The Commission has therefore threatened sanctions that may include deductions from their Operational Expenditure (OPEX).
This was part of the major highlights of the 4th NESI Stakeholders Meeting held in Abuja on Tuesday.
Dr. Musiliu Oseni, NERC Vice Chairman, addressed a report indicating that some DisCos have achieved only 2% performance on MAP meter refunds to customers and issued a stern warning regarding financial penalties: “This would be met with necessary sanctions.”
He proposed a direct enforcement mechanism utilizing the wholesale market structure, noting that DisCos still have their Operational Expenditure (OPEX) at the national wholesale market level.
According to him, if the DisCos refuse to refund their customers, that money can be withheld from their OPEX until they do so.
He also insisted that strict timelines be issued immediately to ensure compliance.
Dr.

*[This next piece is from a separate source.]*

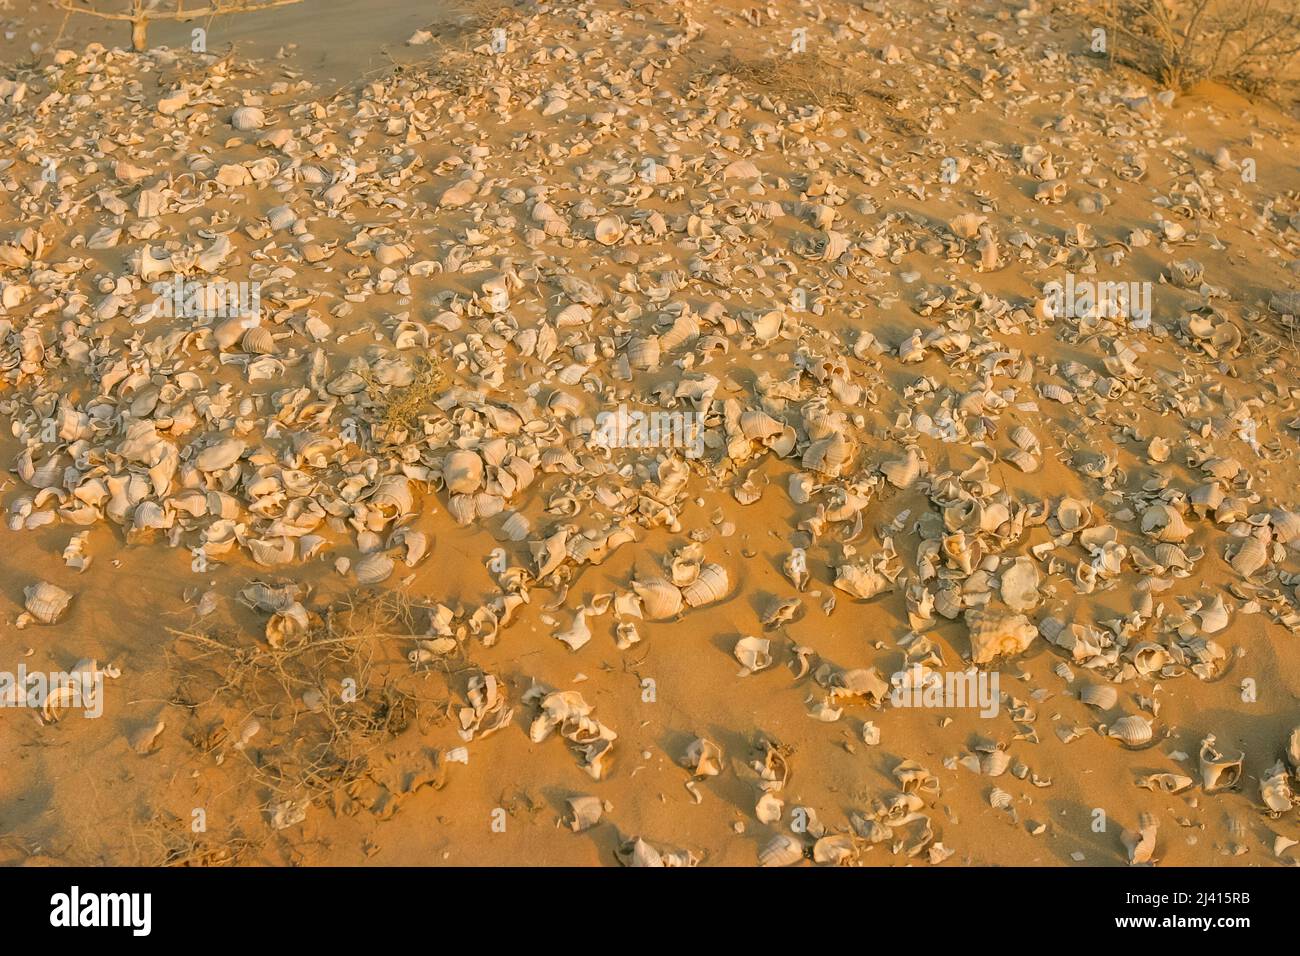 A midden or shell heap, consisting of mollusc shells associated with past human occupation, situated in the desert in Ras al Khaimah, UAE. Stock Photo

Oseni revealed that there are currently 600,000 to 700,000 meters available in the country.
He challenged utilities to improve publicity and rollout speed, emphasizing that the government has already made the investment, and DisCos need to step up.
He further issued a stern warning to DisCos regarding their cooperation with new state regulators, stressing that “No licensee is bigger than their regulator.”
Nathan Shatti, NERC Commissioner for Corporate Services, commenting on the data on Meter Asset Provider (MAP) refunds and installations, highlighted the poor performance of specific utilities, noting that Abuja and Kano DisCos have achieved only 2% compliance on refunds.
He urged the DisCos to stop behaving as if they are doing customers a favour.
Addressing the backlog of paid-for but uninstalled meters, he rejected technical excuses: “If your network is not ready for metering, do not collect people’s money.”
Shatti further noted that for every transformer or meter not installed, DisCos incur losses, making it in their interest to meter customers and fix transformer-related issues.
The NERC Commissioner for Corporate Services, also revealed that over 350,000 meters are yet to be migrated to the new STS standard, demanding an immediate cleanup of obsolete data.
Dafe Akpeneye, NERC Commissioner for Legal, Licensing, and Compliance, dismissed the excuse from DisCos that they cannot locate thousands of meters because customers moved them without authorization.
Drawing a parallel to the banking sector, he argued that just as a “Post No Debit” order forces a bank customer to visit a branch, DisCos must use their vending platforms to enforce compliance.
“If you don’t know where the meter is, the customer shouldn’t be able to vend,” he stated.
NERC Commissioner for Legal, Licensing, and Compliance has consequently issued a directive urging the DisCos to issue a public notice that they cannot identify such meters, block them from vending, and remove them from their system until the concerned customers come forward.